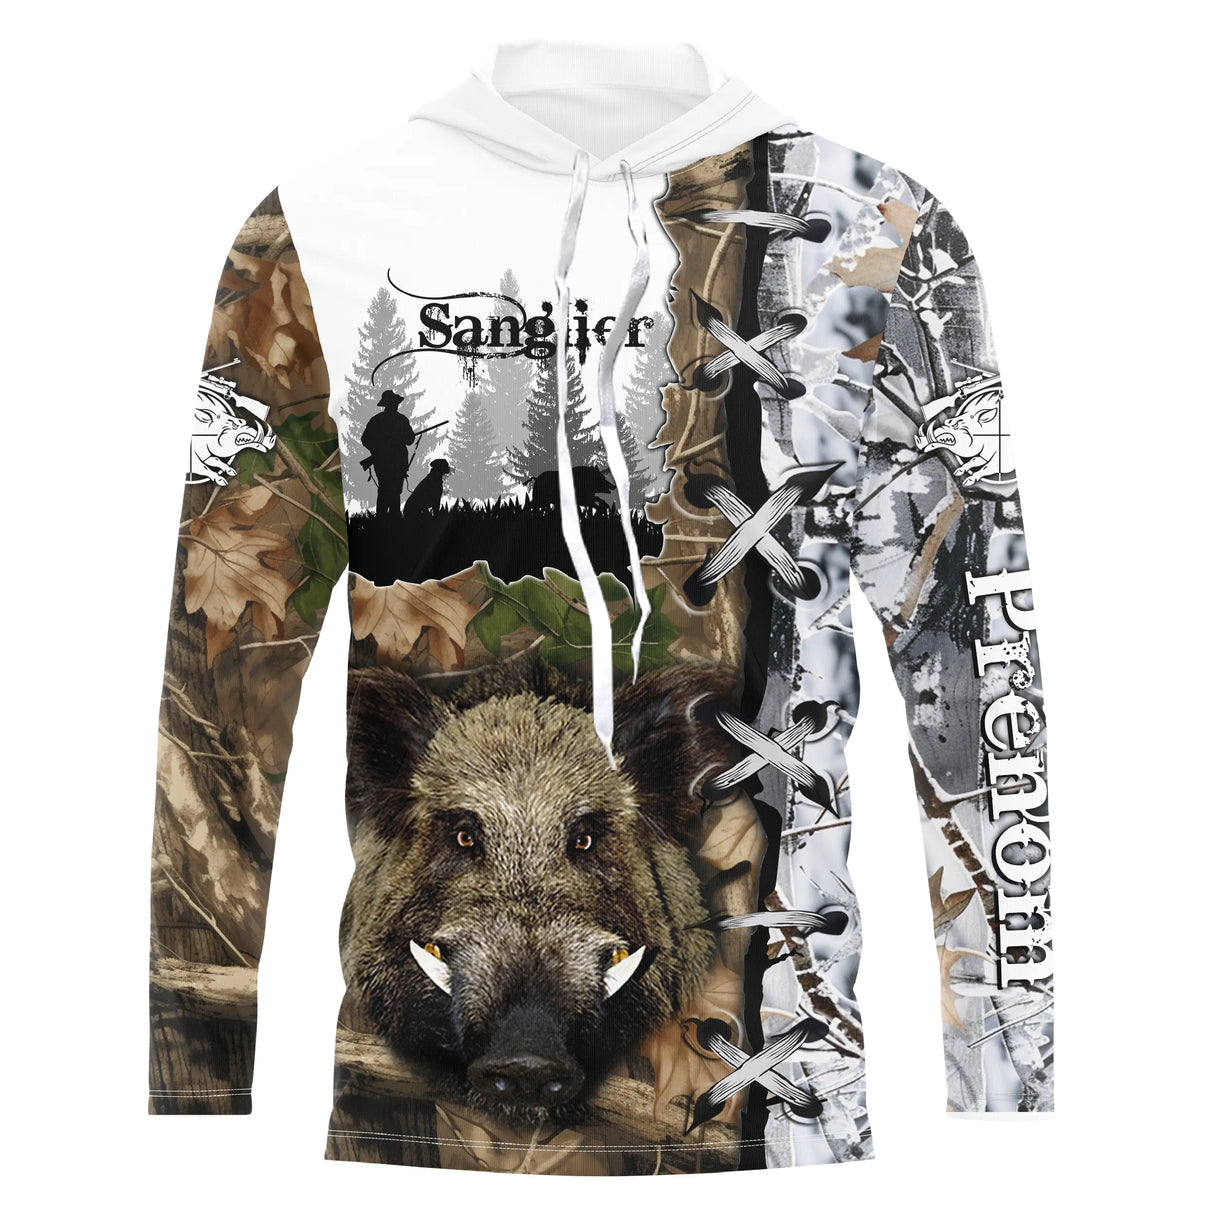 Camiseta de caza de jabalí, regalo personalizado de cazadores - CT29082220
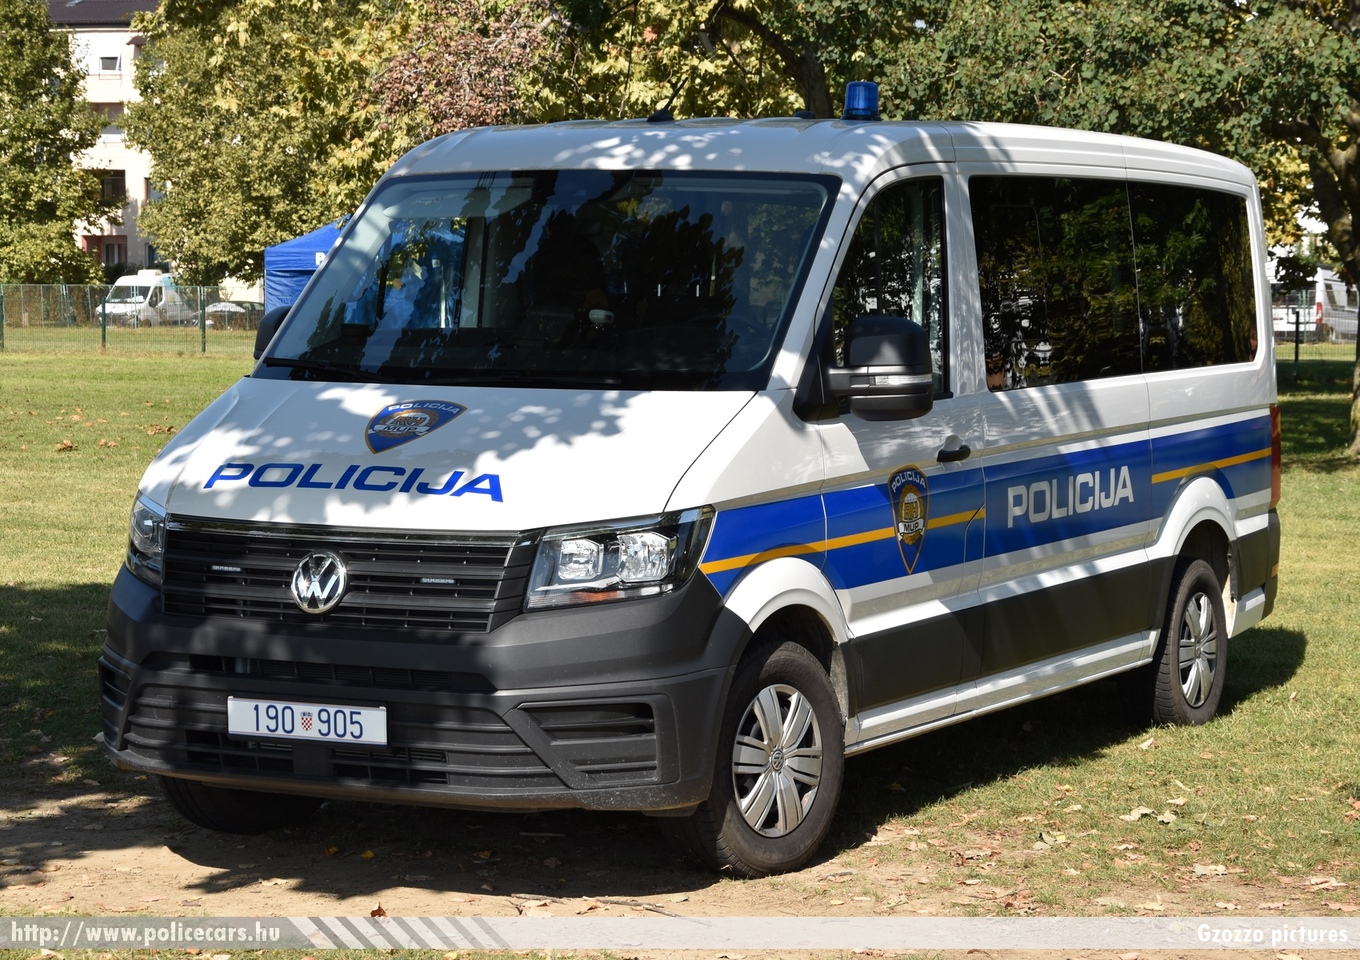 Volkswagen Crafter,  Hrvatska policija, fotó: Gzozzo pictures
Keywords: croatian rendőr rendőrautó rendőrség horvát Horvátország policecar police Croatia
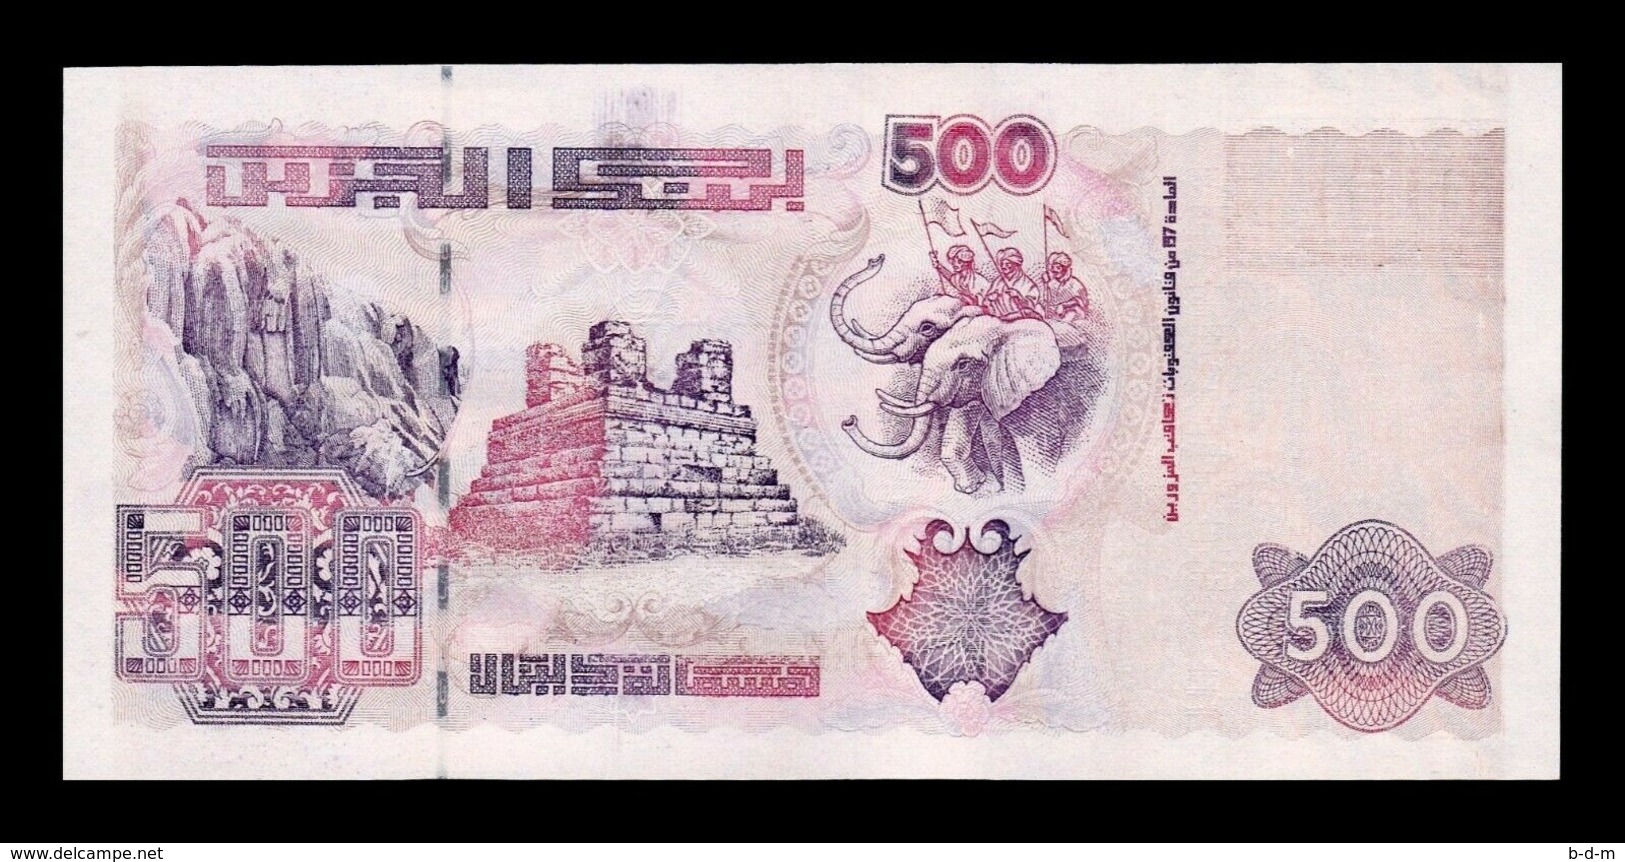 Argelia Algeria Lot Bundle 5 Banknotes 500 Dinars 1998 Pick 141 SC UNC - Argelia
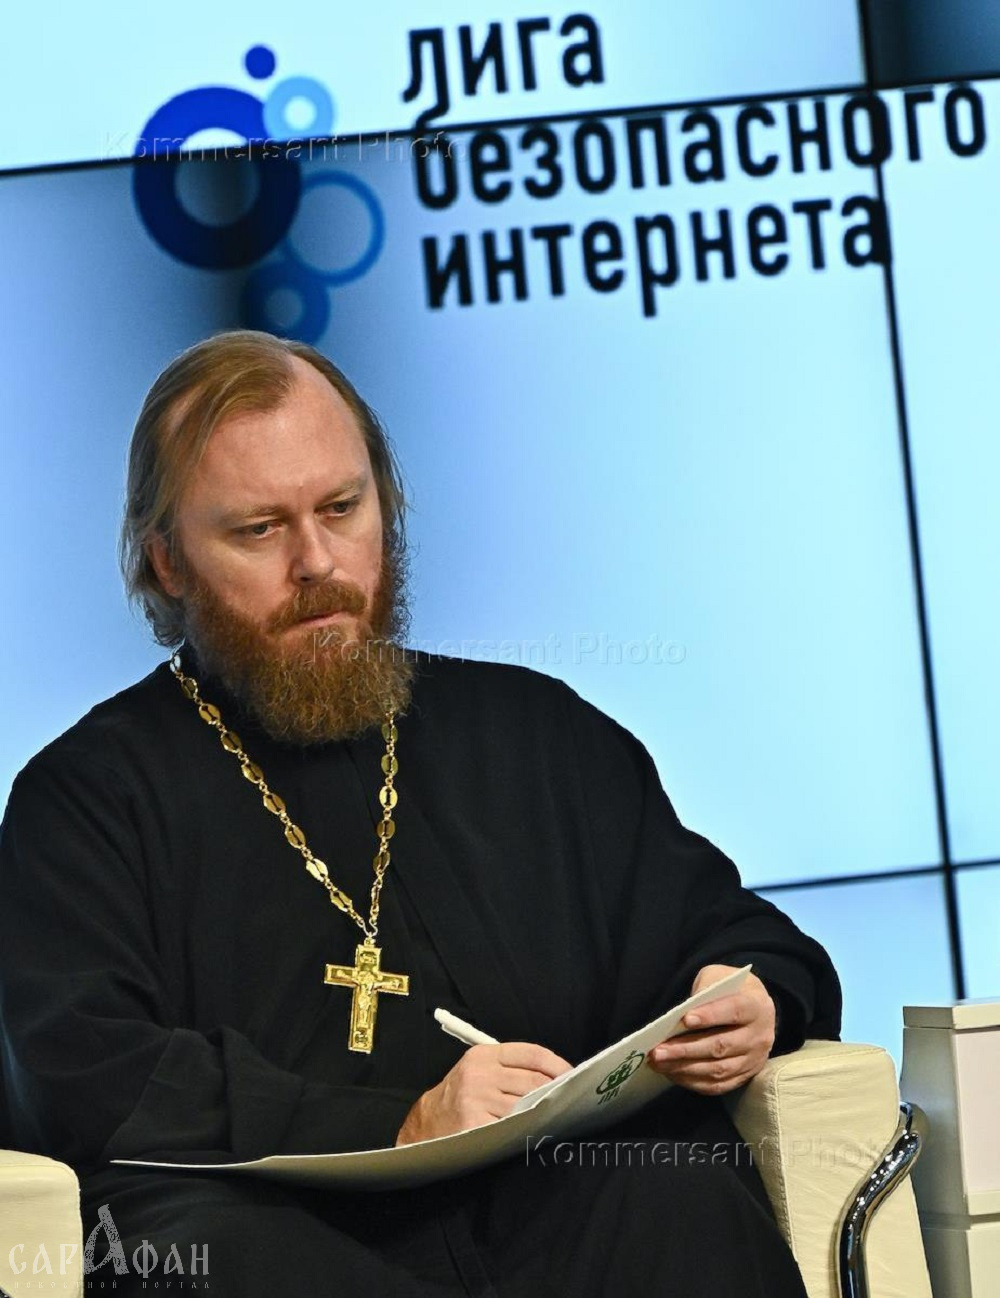 Сатанизм и фанфики: РПЦ требует ввести ограничения для российского сайта «Фикбук» 
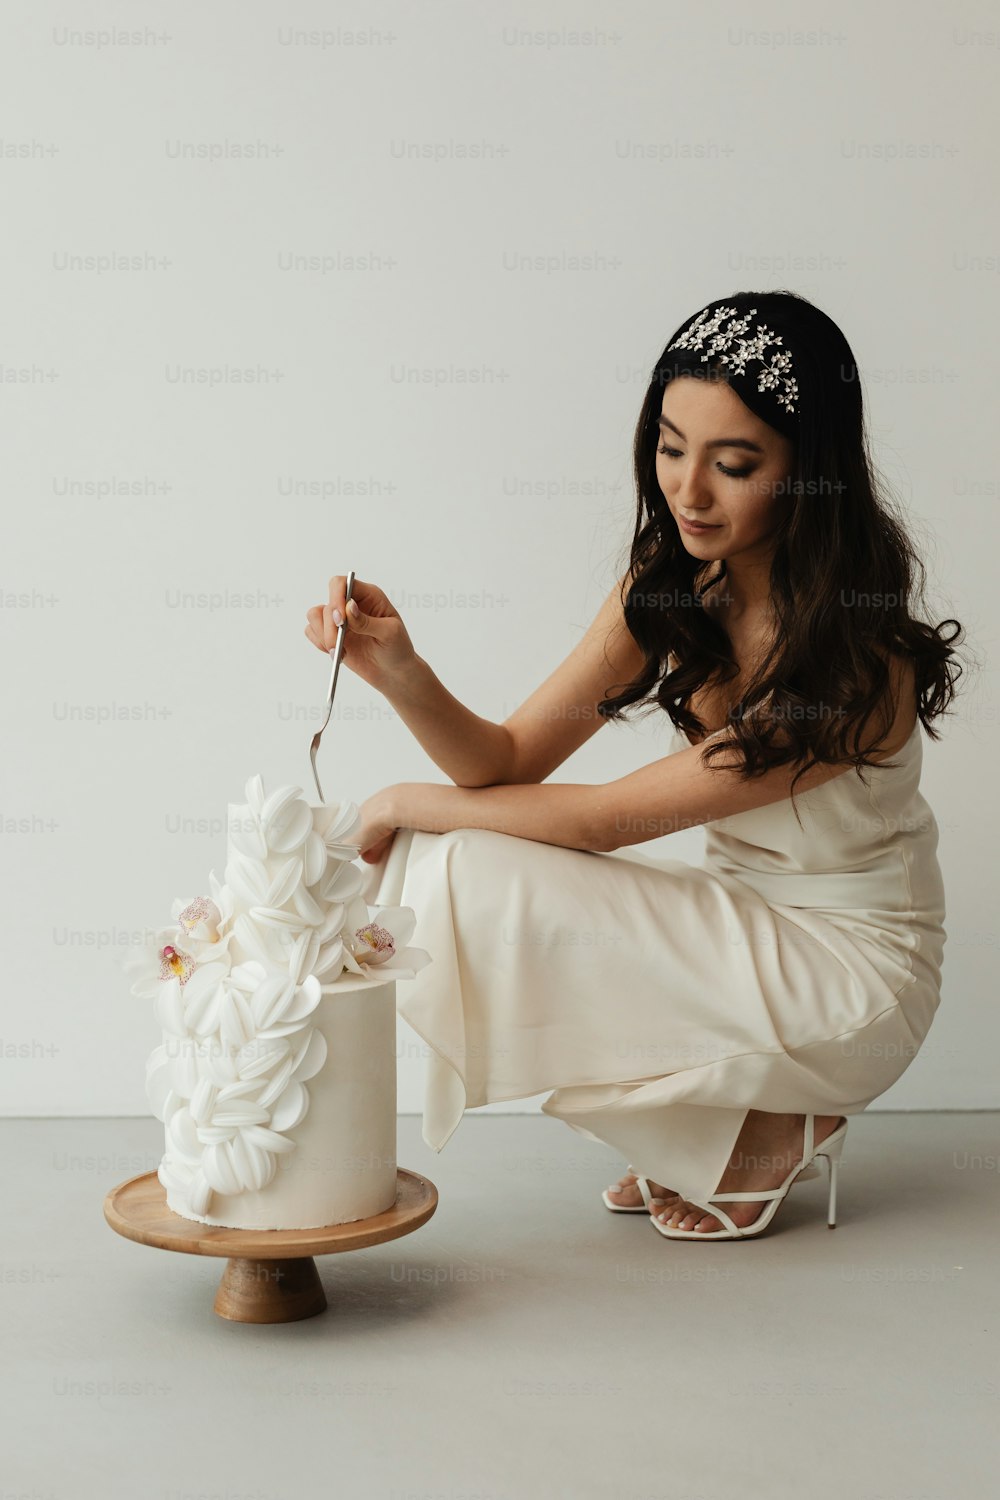 Eine Frau in einem weißen Kleid schneidet eine Hochzeitstorte an

What the exercise asks:
A word-for-word transcription of the entries above, free of images, is what is wanted.

Worked solution:
 Camiseta de caza de jabalí, regalo personalizado de cazadores - CT29082220
 Volkswagen Crafter,  Hrvatska policija, fotó: Gzozzo pictures
Keywords: croatian rendőr rendőrautó rendőrség horvát Horvátország policecar police Croatia
 Argelia Algeria Lot Bundle 5 Banknotes 500 Dinars 1998 Pick 141 SC UNC - Argelia
 Сатанизм и фанфики: РПЦ требует ввести ограничения для российского сайта «Фикбук» 
 Eine Frau in einem weißen Kleid schneidet eine Hochzeitstorte an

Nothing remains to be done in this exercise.